Q2. When should you use stream vs invoke?

• stream for UIs where you want tokens to appear progressively; invoke for backend/automation where only the final answer matters
• stream is faster
• invoke is for very short responses
• They're identical

Why: Streaming improves perceived latency in chat UIs. For non-interactive backend code, just invoke and process the complete response.

Q3. What does RunnableLambda do?

• Wraps any Python function so it can be piped into an LCEL chain
• A lazy evaluation primitive
• Required for streaming
• Same as lambda in Python

Why: Lets you insert arbitrary logic into chains. Useful for preprocessing input, postprocessing output, or branching on conditions.

Common doubts

What's the difference between LCEL and LangGraph?

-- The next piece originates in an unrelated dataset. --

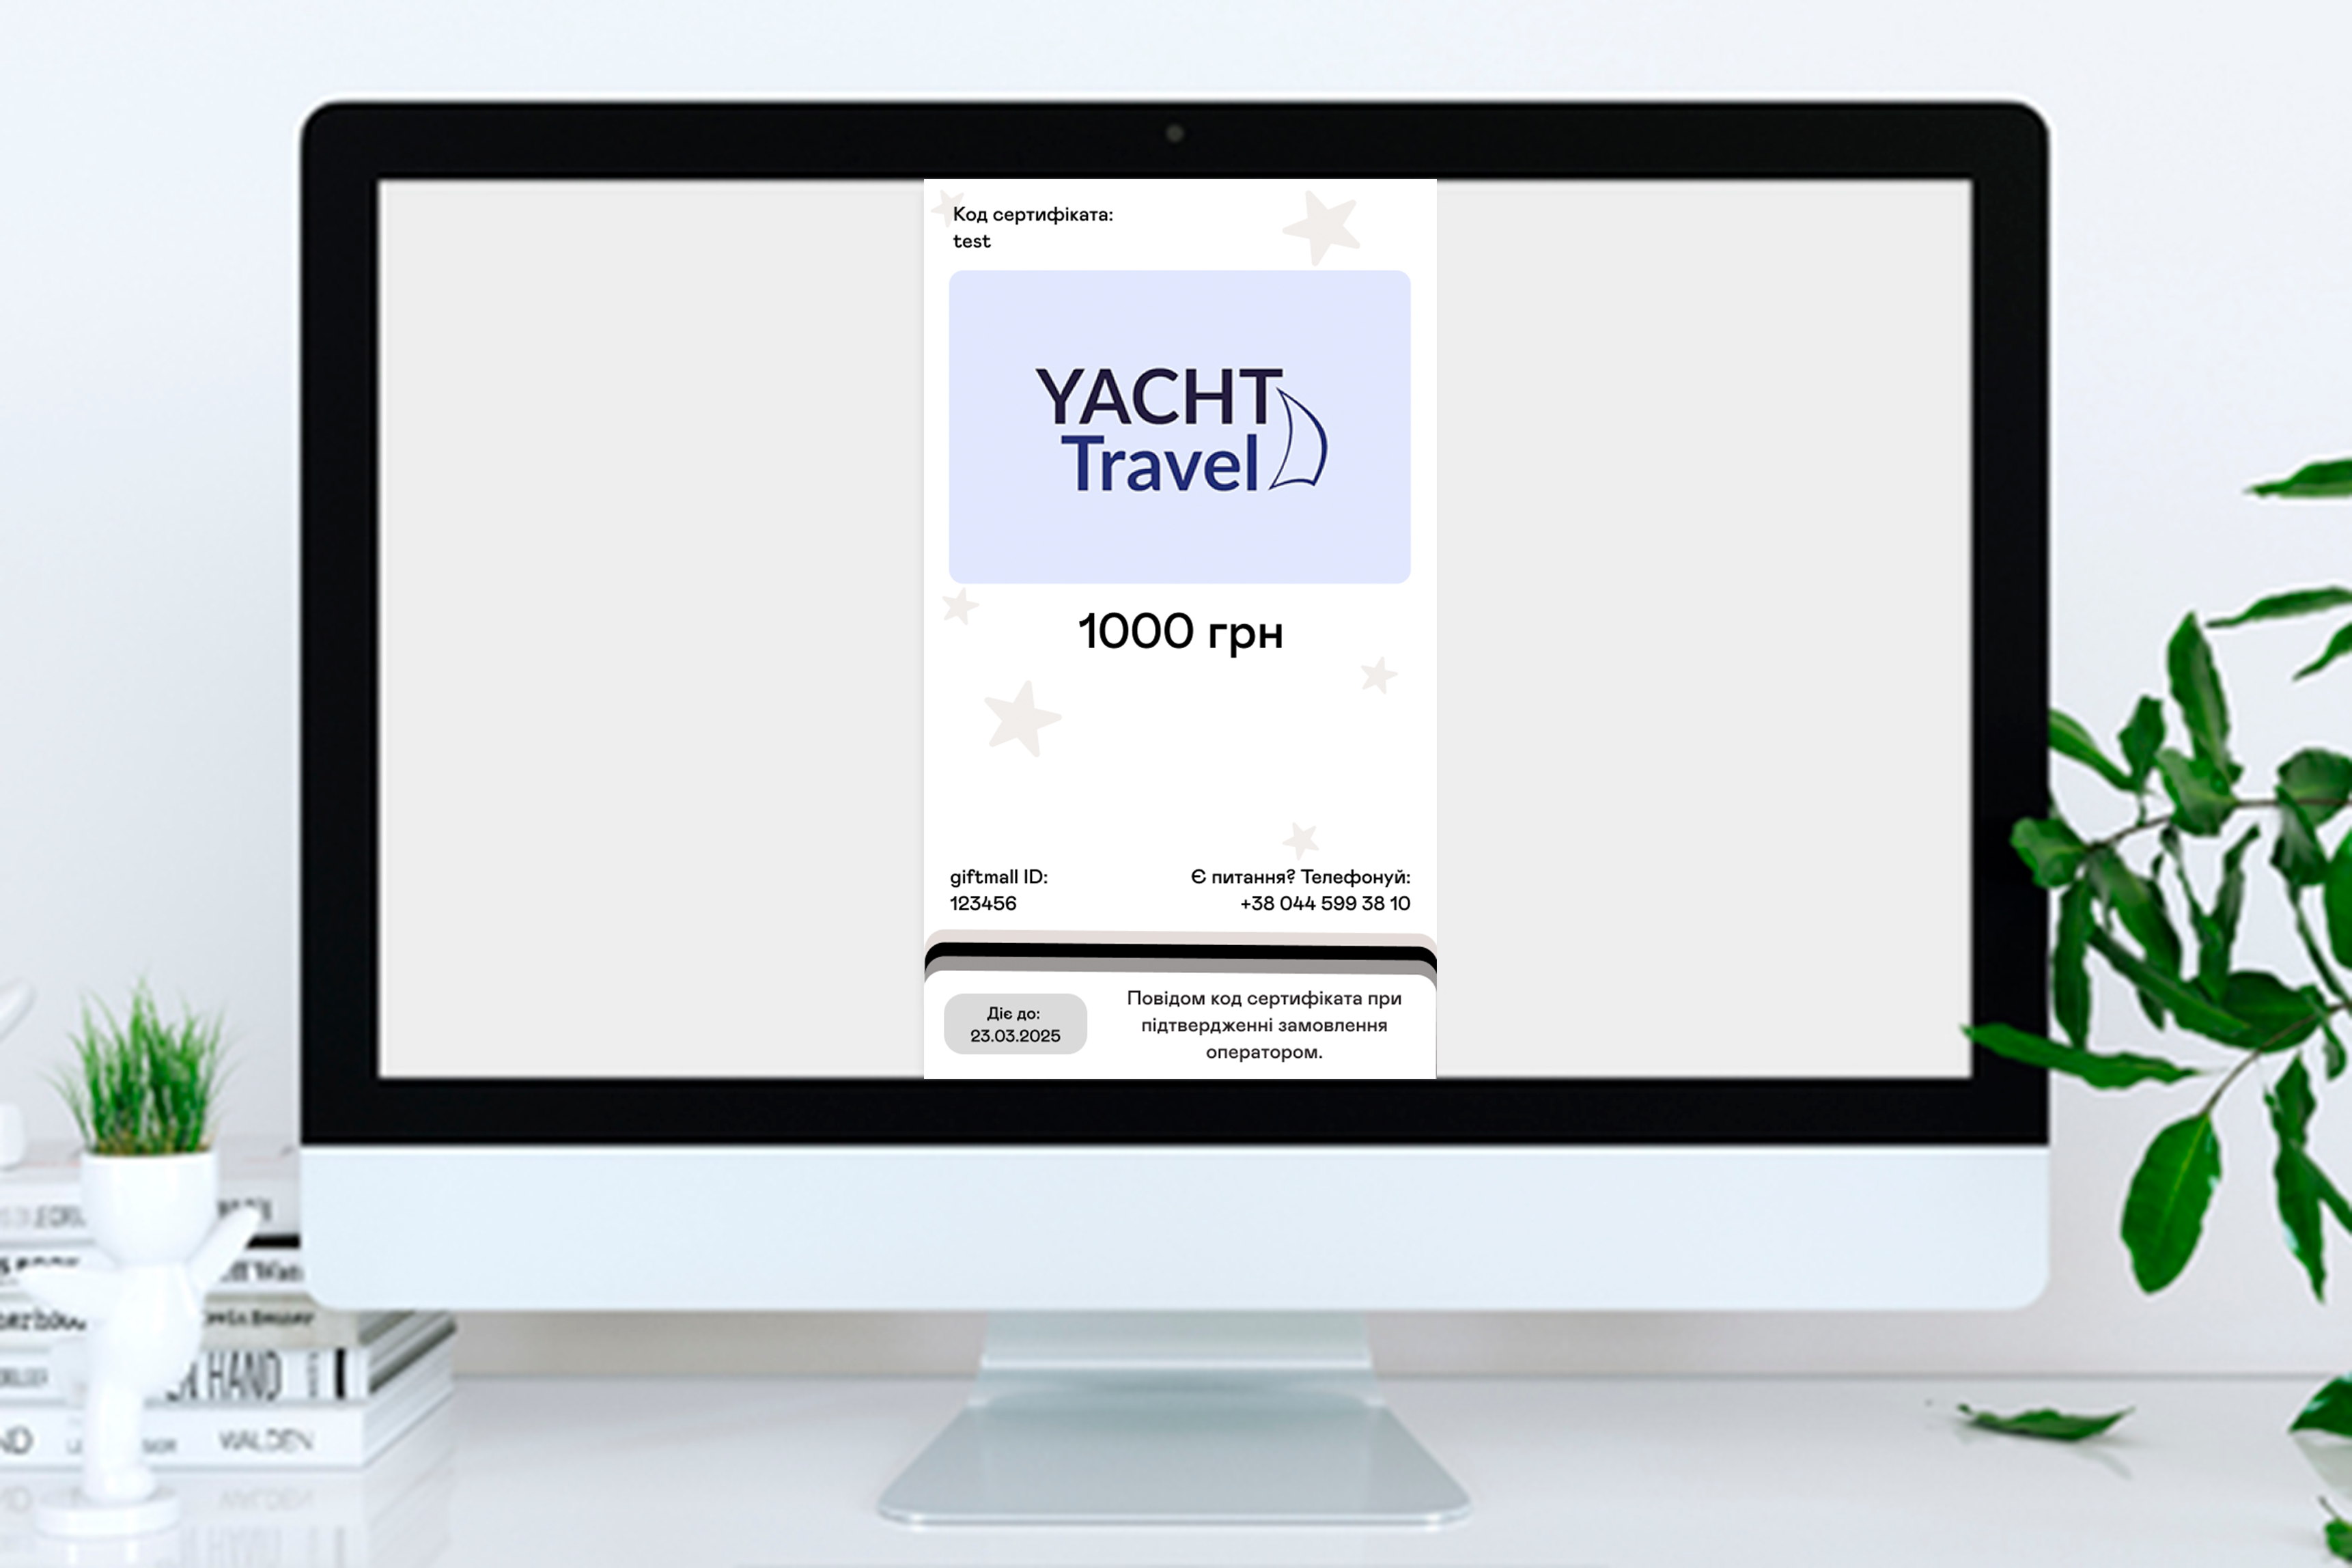 Yacht Travel Sailing School

LCEL is linear (or branched DAGs). LangGraph is for stateful, cyclic workflows — loops, retries, conditional routing, human-in-the-loop. Use LCEL for simple Q&A and RAG; switch to LangGraph when the flow has loops or branches.

Why do all my LCEL chains start with a prompt?

Most chains start by converting raw input into a prompt for the LLM. But they don't have to — you can start with a retriever (retriever | prompt | model) or any other Runnable. The pattern is just very common.

How do I add error handling to a chain?

Use chain.with_fallbacks([backup_chain]) — runs backup if the main chain fails. Or wrap in a RunnableLambda that catches the exception and returns a default. Or implement structured retries with LangGraph.